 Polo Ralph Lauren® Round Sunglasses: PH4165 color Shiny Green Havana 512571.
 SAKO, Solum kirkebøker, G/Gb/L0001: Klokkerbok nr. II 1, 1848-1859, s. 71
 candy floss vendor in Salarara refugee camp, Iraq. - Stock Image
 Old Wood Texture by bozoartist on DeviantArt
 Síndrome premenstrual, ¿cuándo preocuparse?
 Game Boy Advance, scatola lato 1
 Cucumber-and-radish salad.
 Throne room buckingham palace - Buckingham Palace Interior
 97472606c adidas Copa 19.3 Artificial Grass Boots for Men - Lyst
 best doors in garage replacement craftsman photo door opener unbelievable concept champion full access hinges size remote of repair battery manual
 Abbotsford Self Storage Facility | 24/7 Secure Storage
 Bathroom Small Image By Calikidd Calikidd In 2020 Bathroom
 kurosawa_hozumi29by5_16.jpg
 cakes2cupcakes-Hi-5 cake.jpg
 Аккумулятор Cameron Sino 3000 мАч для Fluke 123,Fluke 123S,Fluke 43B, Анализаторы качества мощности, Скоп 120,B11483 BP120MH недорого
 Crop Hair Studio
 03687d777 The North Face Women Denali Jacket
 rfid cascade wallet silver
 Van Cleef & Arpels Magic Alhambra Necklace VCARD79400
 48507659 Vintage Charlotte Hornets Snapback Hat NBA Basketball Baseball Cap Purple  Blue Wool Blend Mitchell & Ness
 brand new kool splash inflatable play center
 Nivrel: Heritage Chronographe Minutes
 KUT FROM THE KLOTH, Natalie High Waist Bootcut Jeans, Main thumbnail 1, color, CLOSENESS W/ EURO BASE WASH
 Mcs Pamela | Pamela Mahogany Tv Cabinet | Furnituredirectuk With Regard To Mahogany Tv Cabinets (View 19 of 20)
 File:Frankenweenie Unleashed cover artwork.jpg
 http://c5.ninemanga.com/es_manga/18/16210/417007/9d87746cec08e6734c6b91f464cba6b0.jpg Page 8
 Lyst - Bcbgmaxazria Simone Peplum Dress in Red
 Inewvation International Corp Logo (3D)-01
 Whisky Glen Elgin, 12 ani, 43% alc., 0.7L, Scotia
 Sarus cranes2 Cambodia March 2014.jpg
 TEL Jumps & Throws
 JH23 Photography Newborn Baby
_____
Retype only the lines running from the top of the listing to the line that holds "Bathroom Small Image", both ends included.

 Polo Ralph Lauren® Round Sunglasses: PH4165 color Shiny Green Havana 512571.
 SAKO, Solum kirkebøker, G/Gb/L0001: Klokkerbok nr. II 1, 1848-1859, s. 71
 candy floss vendor in Salarara refugee camp, Iraq. - Stock Image
 Old Wood Texture by bozoartist on DeviantArt
 Síndrome premenstrual, ¿cuándo preocuparse?
 Game Boy Advance, scatola lato 1
 Cucumber-and-radish salad.
 Throne room buckingham palace - Buckingham Palace Interior
 97472606c adidas Copa 19.3 Artificial Grass Boots for Men - Lyst
 best doors in garage replacement craftsman photo door opener unbelievable concept champion full access hinges size remote of repair battery manual
 Abbotsford Self Storage Facility | 24/7 Secure Storage
 Bathroom Small Image By Calikidd Calikidd In 2020 Bathroom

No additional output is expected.